Мне показалась примечательной именно вялость реакции: выработалась привычка к унижению. Разве я мог думать, выполняя в спецлагере два рисунка на тему унижения женщин – с молодой искалеченной лагерницей и вольнонаемной начальницей медсанчасти, – что настанет время, и я буду обдумывать третий рисунок об унижении женщины – и на этот уже раз с Анечки, своей жены, москвички, вольной гражданки Советского Союза?!
Вчера на лестнице лежал в собственной блевотине, моче и кале мертвецки пьяный жилец 3-го этажа, молодой человек. Был праздничный день. Нарядно одетые девочки спокойно шагали через него, стараясь не обмазаться и весело щебеча о предстоящем празднике в школе. Я наблюдал за выражением детских лиц: весёлое до пьяного, несколько озабоченное при перешагивании и снова весёлое. Но ни тени гадливости и возмущения. Это были адаптированные дети, и Анечка теперь тоже адаптирована.

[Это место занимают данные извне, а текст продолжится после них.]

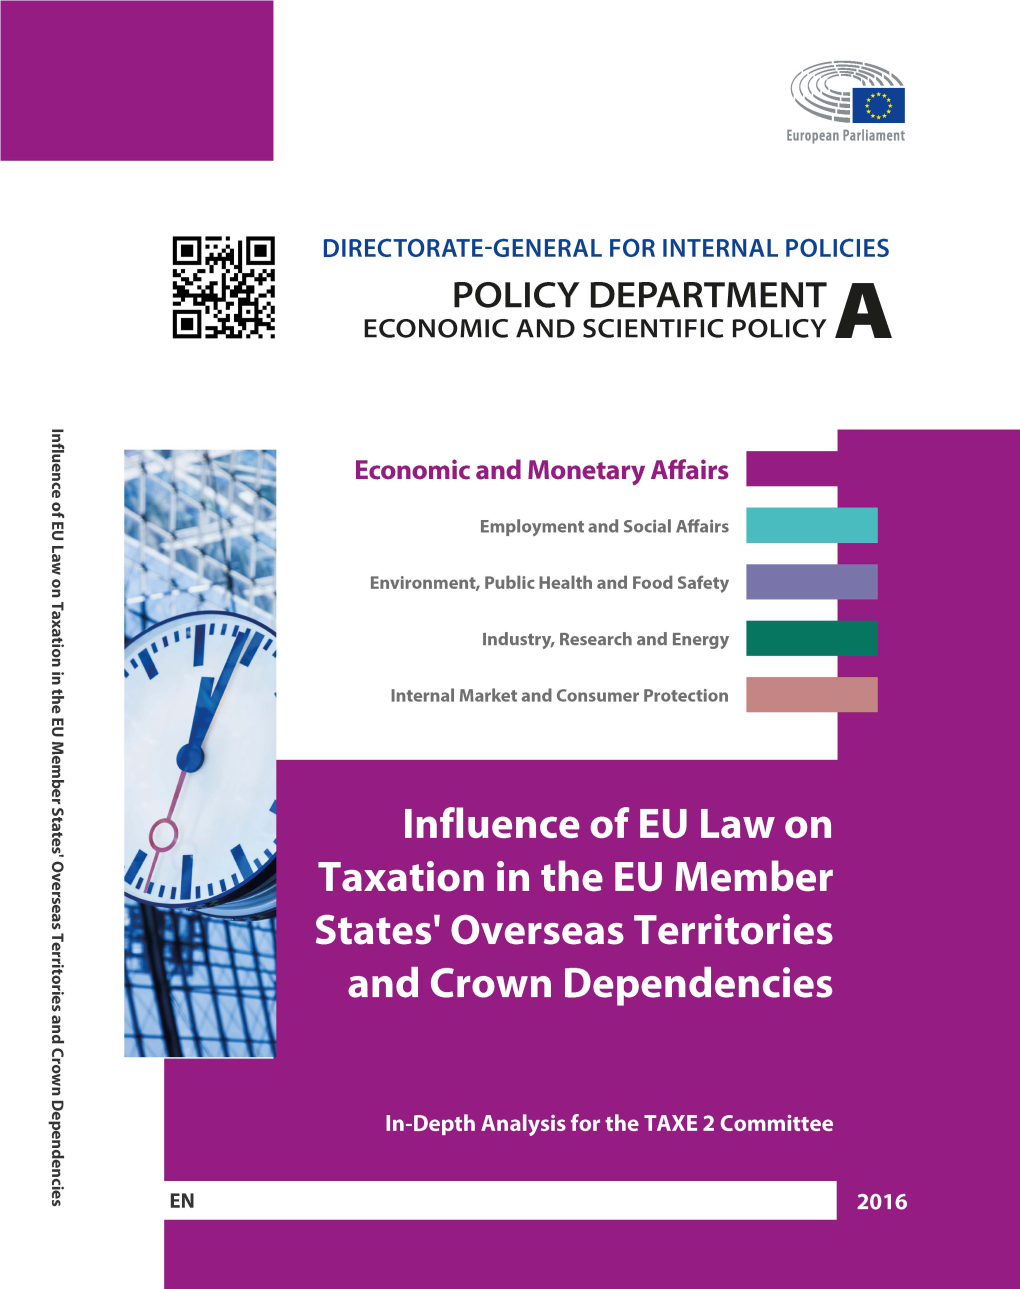 Influence of EU Law on Taxation in the EU Member States' Overseas Territories and Crown Dependencies

Ну, теперь пора рассказать и о товарищеском суде: это тоже кусочек моего существования и картина общественной жизни города и эпохи, и, говоря о ней, я не выхожу из рамок темы.
В доме свыше семисот квартир, из них триста конфликтуют, то есть за молчаливыми коридорными дверями в них кипят ожесточённые свалки. Почти каждую неделю по вторникам в 7 часов вечера в помещении «Красного уголка» собираются судьи, стороны, свидетели и слушатели (весь состав суда – реабилитированные контрики). Я прихожу из института или Ленинской библиотеки усталый, по дороге кляня на свете всё, кроме Анечки, дивана и пачки газет. Но вхожу в зал, занимаю место председательствующего за столом, покрытым зелёным сукном, и усталость вдруг уходит: я люблю эту работу и люблю этих людей – ведь они мои современники, волей-неволей я связан с ними узами жизни: и чистенький, вежливый, подтянутый лекальщик Толя всем телом прижат ко мне так же, как и мерзкая курва Марья Васильевна: все мы – соседи, все волей-неволей досконально знаем друг друга.

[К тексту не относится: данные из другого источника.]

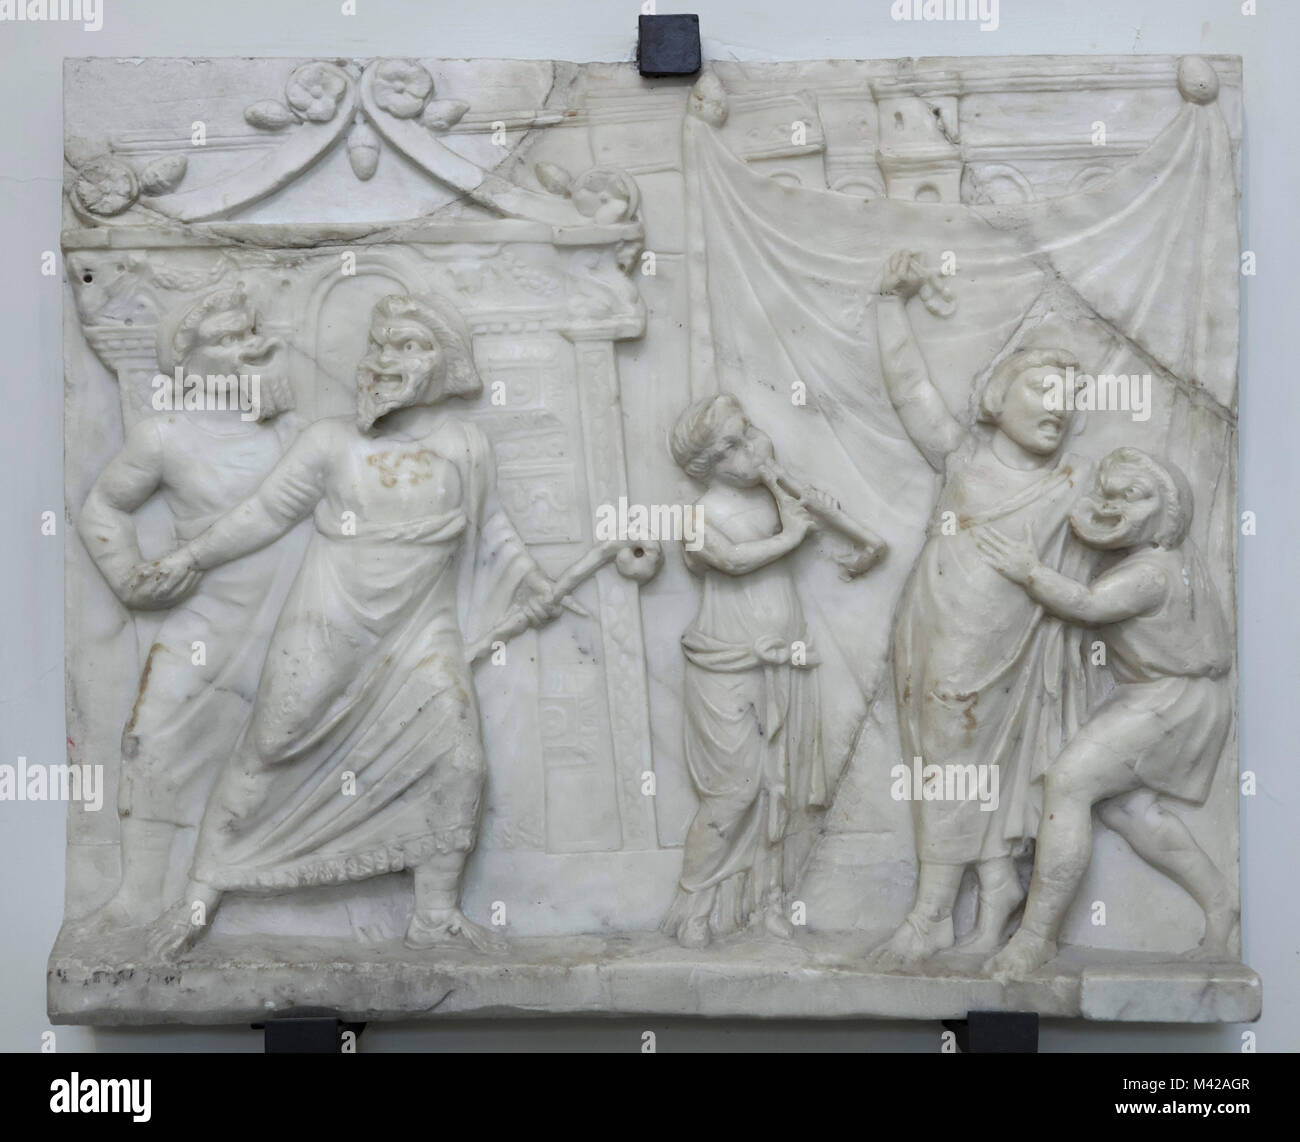 Theatrical scene depicted in the Roman marble relief from the 1st century AD from the Farnese Collection on display in the National Archaeological Museum in Naples, Campania, Italy. Stock Photo

В товарищеском суде разбираются дела разные – и посложнее, и попроще. Расскажу о тех и о других.
В квартире две семьи без детей. Муж – доктор наук, жена – кандидат и их деревенские малограмотные старички, и второй муж – доктор наук с женой-кандидатом и набором деревенских стариков. Все четыре ученых – физики, работают под руководством знаменитого академика Капицы в сугубо передовом научно-исследовательском институте. Все четверо – члены партии, первый муж – член партийного бюро института, второй – секретарь парторганизации отдела. Все четверо родились после революции. При заселении дома ими было куплено мусорное ведро для кухни, однако без крышки. Потом заказали крышку. Она обошлась в один рубль, но при расчёте доли каждой семьи вспыхнула сора, дальше – больше, неприязнь перешла во вражду, вражда – в ненависть, ненависть – в драки. Начинают бой всегда кандидаты – одна другой всаживает удар между ног остроконечным носком модной туфли и вцепляется в модную причёску противницы. На крики, на бегу вооружаясь чем попало, включаются доктора, оба молодые и по-деревенски жилистые; последними подтягиваются на передовые линии старики – к этому времени сражение переходит в коридор и жилые комнаты, старики на кухне дерутся сковородками и кастрюлями. Мы сначала их штрафовали, но они все получают такие мощные оклады, что наши штрафы их не пугали. Тогда мы послали академику и парторганизации института описание всех их подвигов. Академик заявил, что поседеет и сойдёт с ума, и умыл руки, а парторганизация сначала влепила мужьям по «строгачу», а потом поставила вопрос об исключении. И что же? Страсти немедленно стихли, потом одна семья срочно выехала, и в квартире воцарились покой и порядок.
Пример второй. В трёхкомнатной квартире, помимо одной посторонней семьи, в двух комнатах живут: бабушка с десятком икон у изголовья кровати, беленькая внучка с «мужем»-негром из Университета им. П. Лумумбы и маленьким ребёнком-мулатом, а в другой комнате – старшая дочь с мужем, её бывший муж с новой женой и старшая дочь. Негр прекрасно усвоил русскую матерщину и бьёт старуху, а в другой комнате пьяница бывший муж бьёт непьющего настоящего мужа, а в коридоре богомольная бабушка кастрюлей проломила голову соседке. При посещении квартиры пройти негде – всюду вещи, кровати, люди, мат и драки: чёрт его знает – ничего не разберёшь! Мы тронули негра – он было начал обкладывать и меня, но я по-английски зарычал: «Вон, чёрная собака, знай своё место!» – и открыл дверь, и ганец мгновенно присмирел и убрался. Старшую дочь выселили к мужу. Бывшему мужу с орденоносной же-ной-фронтовичкой через суд и прокурора нашли комнату и выселили. Старуху оштрафовали на половину пенсии. И сразу в квартире тоже стало тихо.
Мелкие дела мы щёлкаем как орехи: сначала уговариваем, потом угрожаем, наконец штрафуем. Пять рублей штрафа вносят порядок и мир: советские труженики – люди небогатые. Но иногда натыкаемся на непреодолимые препятствия. Вот два примера.
В нашем подъезде девочка с тринадцати лет занимается проституцией – она работает под памятником Марксу и в садике рядом, где обычно московские проститутки, среди которых много малолеток, ловят приезжих и командированных: их за это называют марксистками.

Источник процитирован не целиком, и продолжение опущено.